In association with the above operation, charges stored in the
piezoelectric vibrating elements 14 connected to the transistors T that
have been turned on by the print signals at an interval between times t1
and t2' are discharged through the transistors T (FIG. 7(b)). This causes
the piezoelectric vibrating elements 14 to contract, thereby causing the
corresponding pressure producing chambers 5 to expand (FIG. 7(c)). The
expansion of the pressure producing chambers 5 introduces ink into the
pressure producing chambers 5 from the reservoirs 6 through the ink supply
ports 7, and at the same time causes the meniscuses of the corresponding
nozzle openings 2 to retreat toward the pressure producing chambers 5.
When the terminal voltage of the capacitor 47 is substantially zeroed at
time t2', the increase in the terminal voltage is blocked by a diode 52.
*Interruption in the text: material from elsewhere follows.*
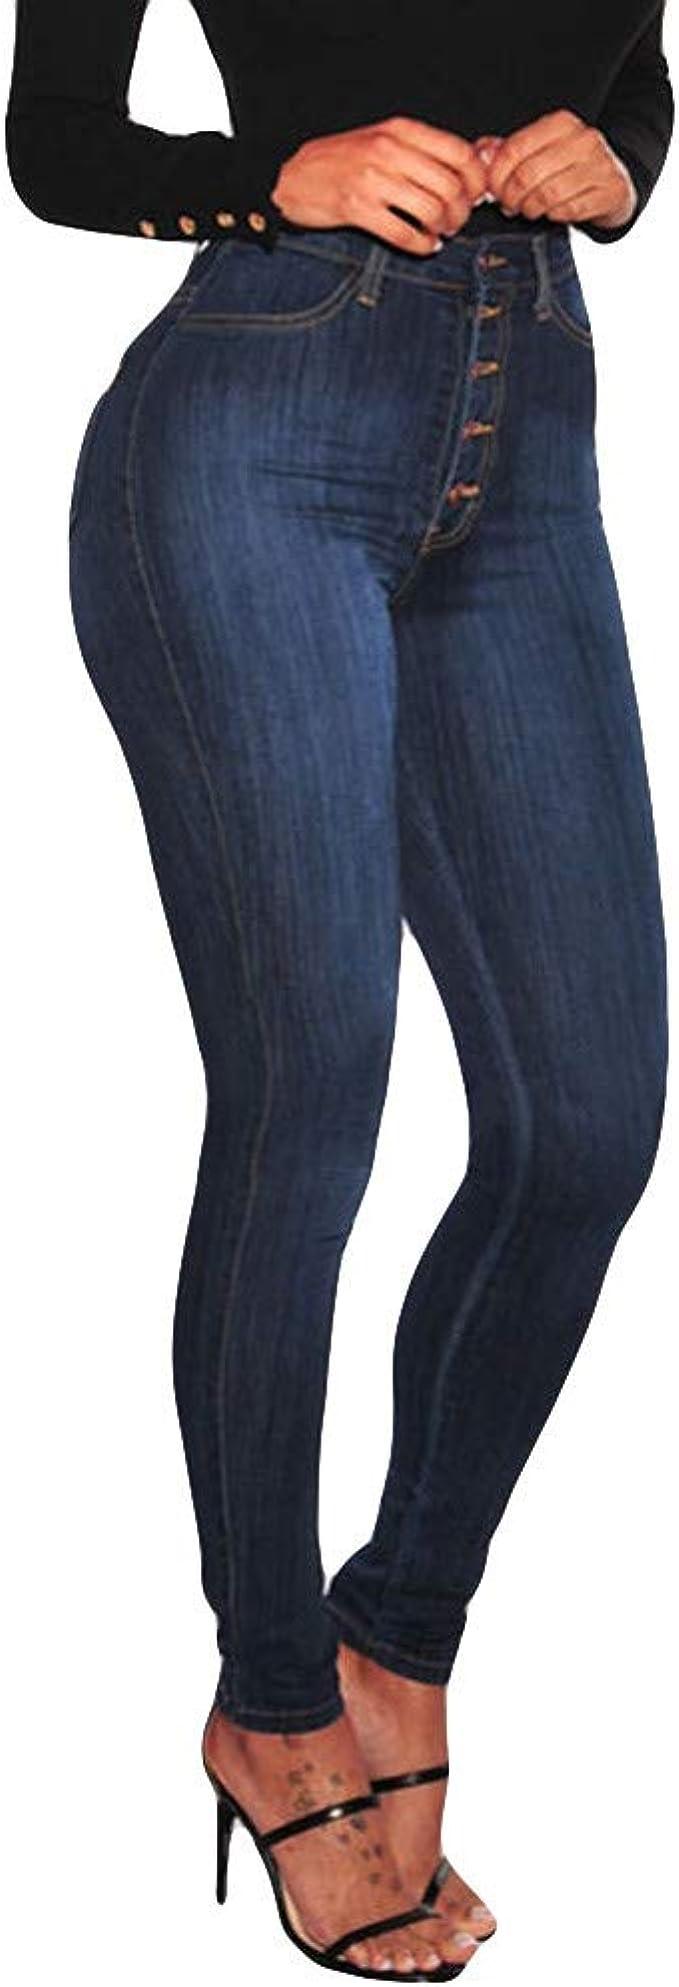 NEW J/&K mix PLUS SIZE WOMEN/'S Stretch BLUE denim jeans SKINNY /& Bootcut  PANTS

The drive voltage is thereafter maintained at a fixed level of
substantially 0 (volt) until the print auxiliary signal S1 that has been
low goes high.
Here, since the first time constant, i.e., the interval between times t1
and t2', is set to an interval longer than the natural vibration cycle of
the piezoelectric vibrating element 14, the piezoelectric vibrating
element 14 stops without undergoing a damped oscillator motion, thereby
stopping the volumetric change of the pressure producing chamber 5. On the
other hand, the meniscus formed adjacent to the nozzle opening 2 vibrates
at a vibration cycle defined by a flow path system irrespective of the
displacement of the piezoelectric vibrating element 14, thus changing the
position thereof with time (FIG. 7(d)).
When the print auxiliary signal S1 goes high at a time (time t3) after the
elapse of a predetermined time in this way, the operation of the variable
time constant adjusting unit 43 is inhibited, and the fixed time constant
adjusting unit 42 starts operating instead. Therefore, the terminal
voltage of the capacitor 47 drastically drops to -VL (volts) again, thus
generating a similar drive voltage through the current amplifying
transistors 50 and 51.
As a result, the piezoelectric vibrating elements 14 that have been
discharged by the print signals in the above-mentioned operation are
suddenly charged and expanded through the diodes D with the common
connecting terminal side thereof as the negative potential (FIG. 7(b)).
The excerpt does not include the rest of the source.